As he could’ve predicted, David rose to his feet immediately. “Let’s get you to bed. We can’t have the new AG facing the world sleep-deprived.”
CHAPTER TWENTY-FIVE
They were in the nation’s capital, Anton and Katherine. It felt good to be out of the state with her, away from the scrutiny that usually followed him. Earlier this afternoon, he had delivered a well-received keynote address at the national convention of federal prosecutors. It was an honor to be asked, but what was even better was getting together with his former colleagues in the Department of Justice. Even among the smart, ambitious men and women who made up the government’s lawyers, Anton had distinguished himself for the systematic way in which he had targeted white-collar crime in his state. In fact, during the 2012 campaign he had played up his successful crackdown on the money-laundering scheme involving local casinos—an achievement that Eric Holder, the nation’s AG, had mentioned in his introduction earlier today.

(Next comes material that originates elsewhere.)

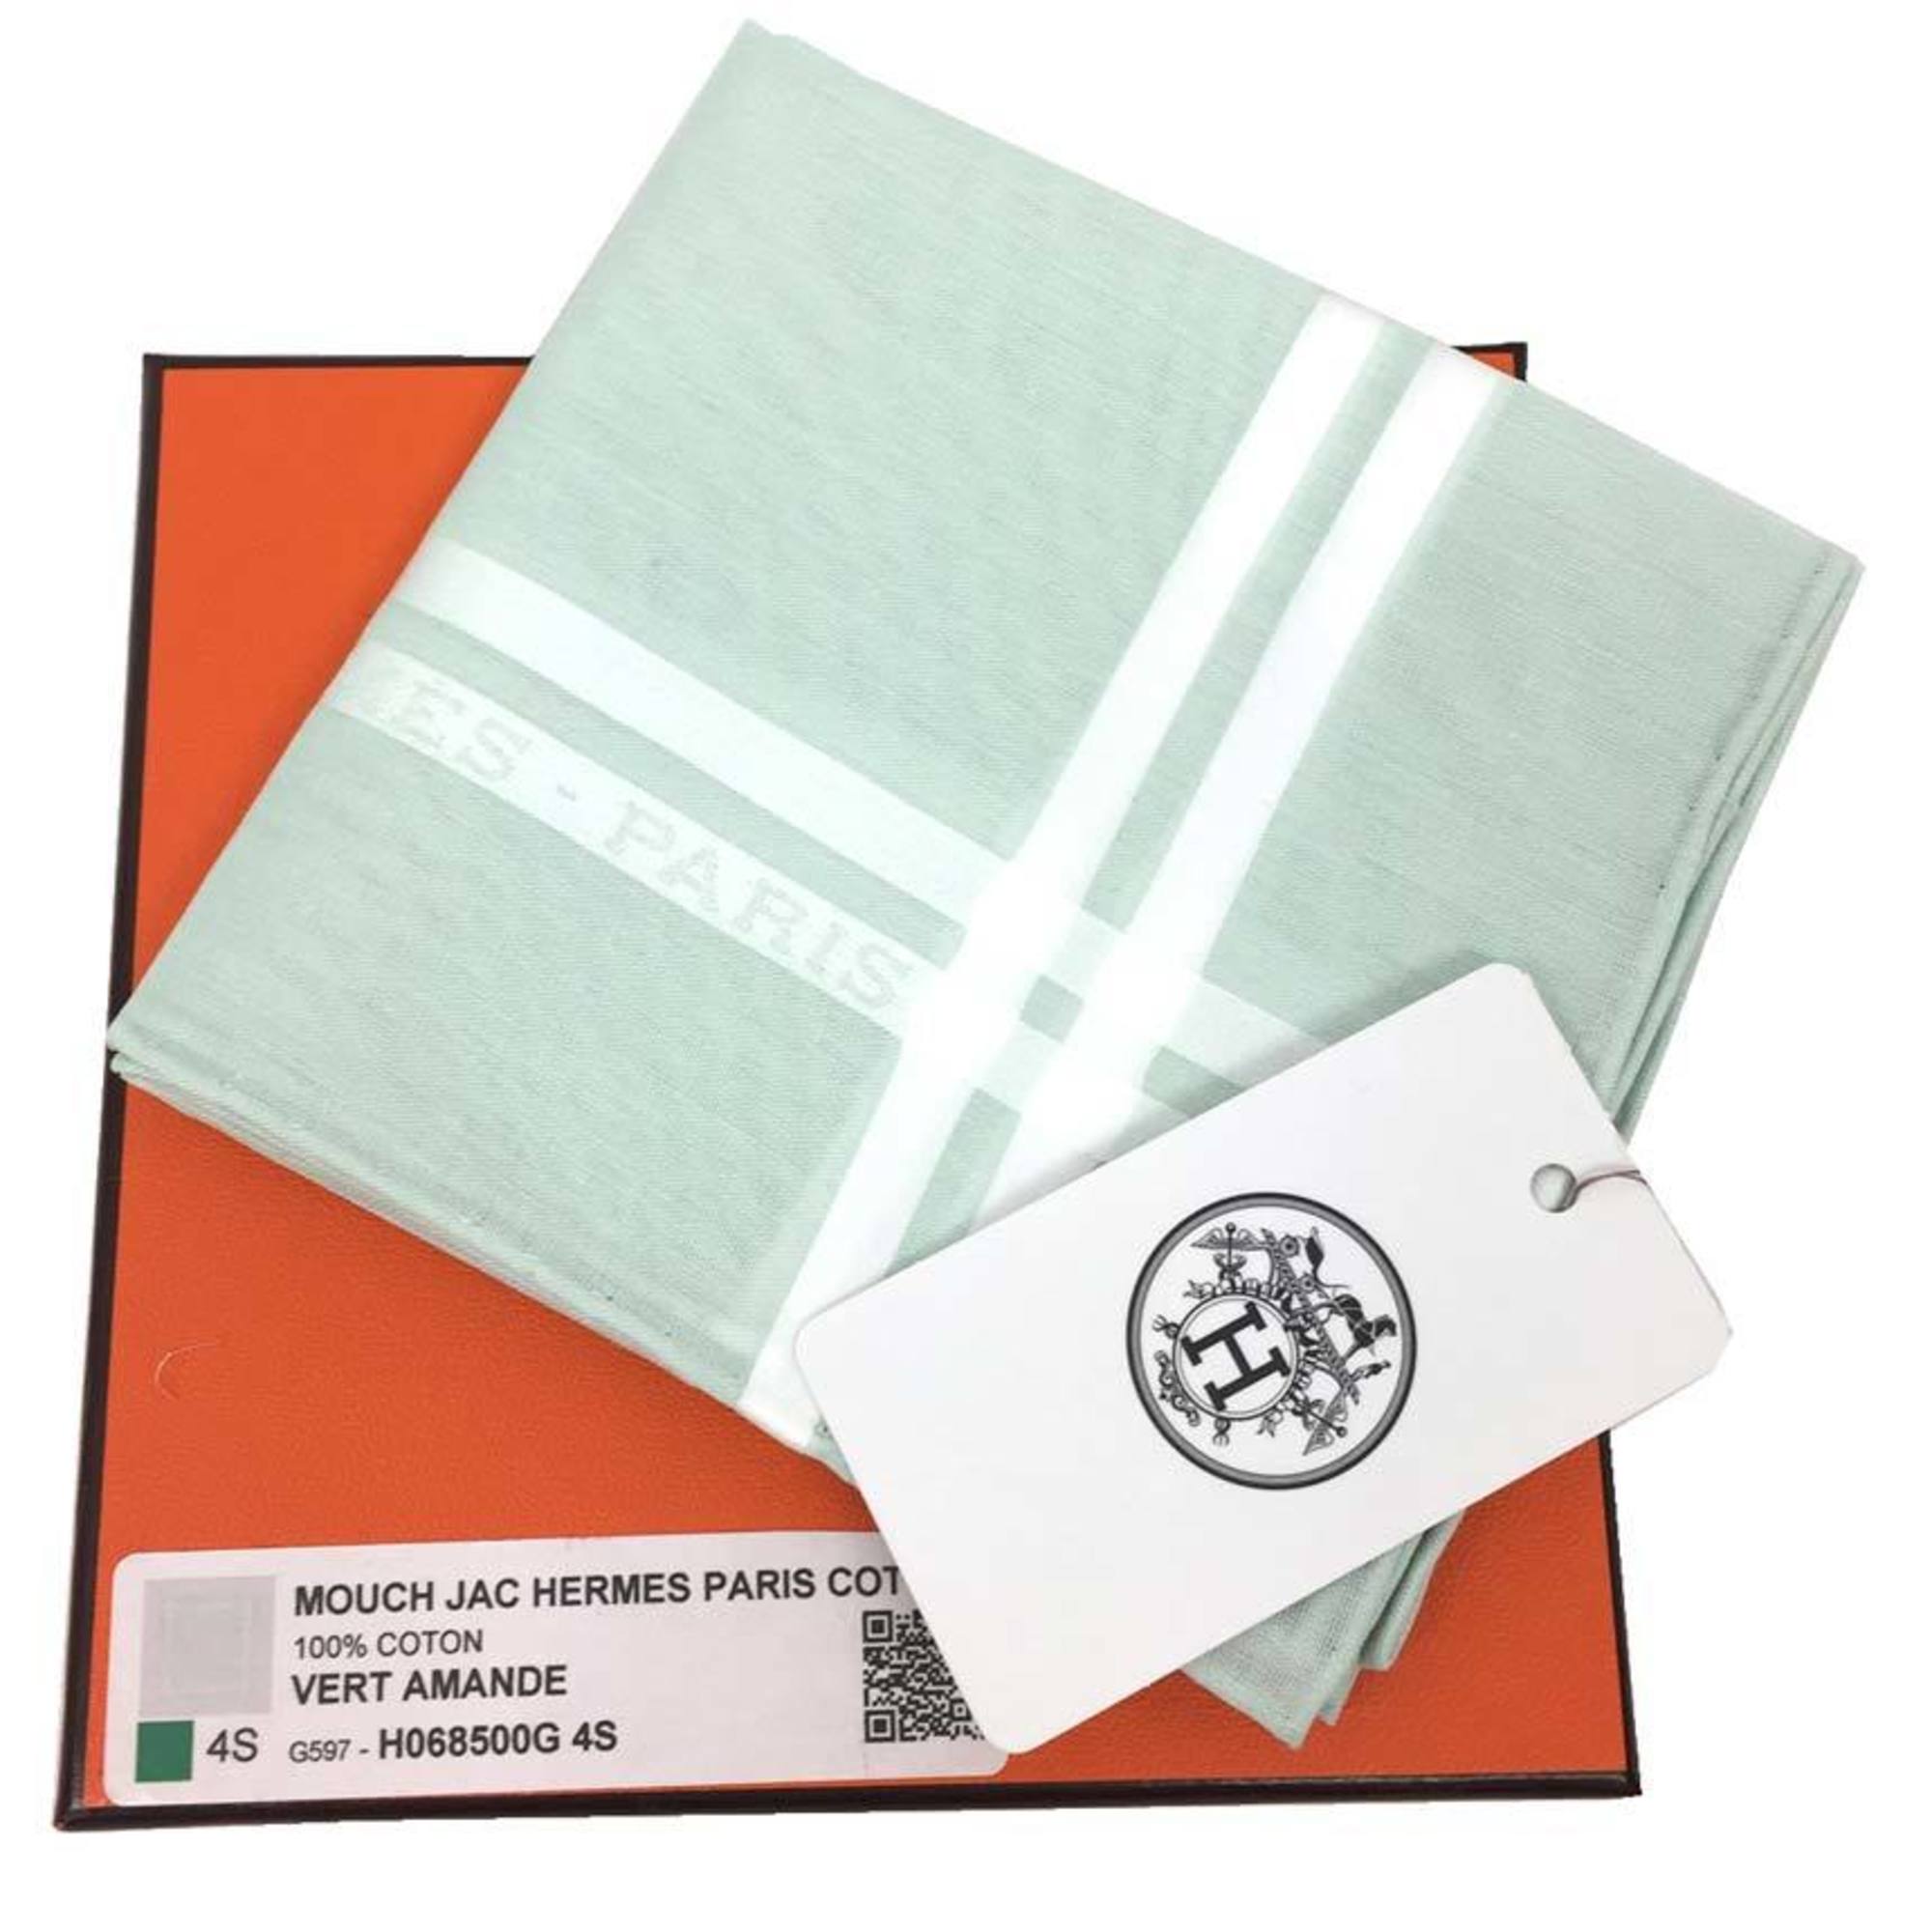 HERMES Handkerchief MOUCH JACHERMES PARIS H068500G 4S 100% Cotton VERT AMANDE Light Green Pocket Square Neckerchief Bandana aq10033

But now he was off the clock, and he and Katherine were looking forward to dinner at Tamarind, the new Indian restaurant on Capitol Hill that they’d heard so much about. They had been dating only a few months, but he was plenty smitten by her. He had met Katherine Banks at a fund-raiser for the human rights organization where she worked, and drawn to her good looks, he had gotten her phone number before he left that evening. What made him ask her out on a second date, and then a third, was the fact that unlike many of the women he came in contact with, Katherine seemed not the least bit impressed by his position or his family history. That and the fact that she teased him mercilessly, deflating his self-importance and ego every chance she got. The only girl in an Irish family of four boys, Katherine had learned to stand up to her brothers’ teasing from an early age and had, as a result, grown sharp elbows. Anton thought she was the most intriguing combination of femininity and an almost masculine briskness that he’d ever known.
It was a beautiful night in May, and they decided to walk to the restaurant. Katherine looked ravishing in her black shirt and tight blue jeans, but Anton eyed her high-heeled sandals dubiously. “It’s at least a seven-block walk,” he said. “You think you can walk in those things?”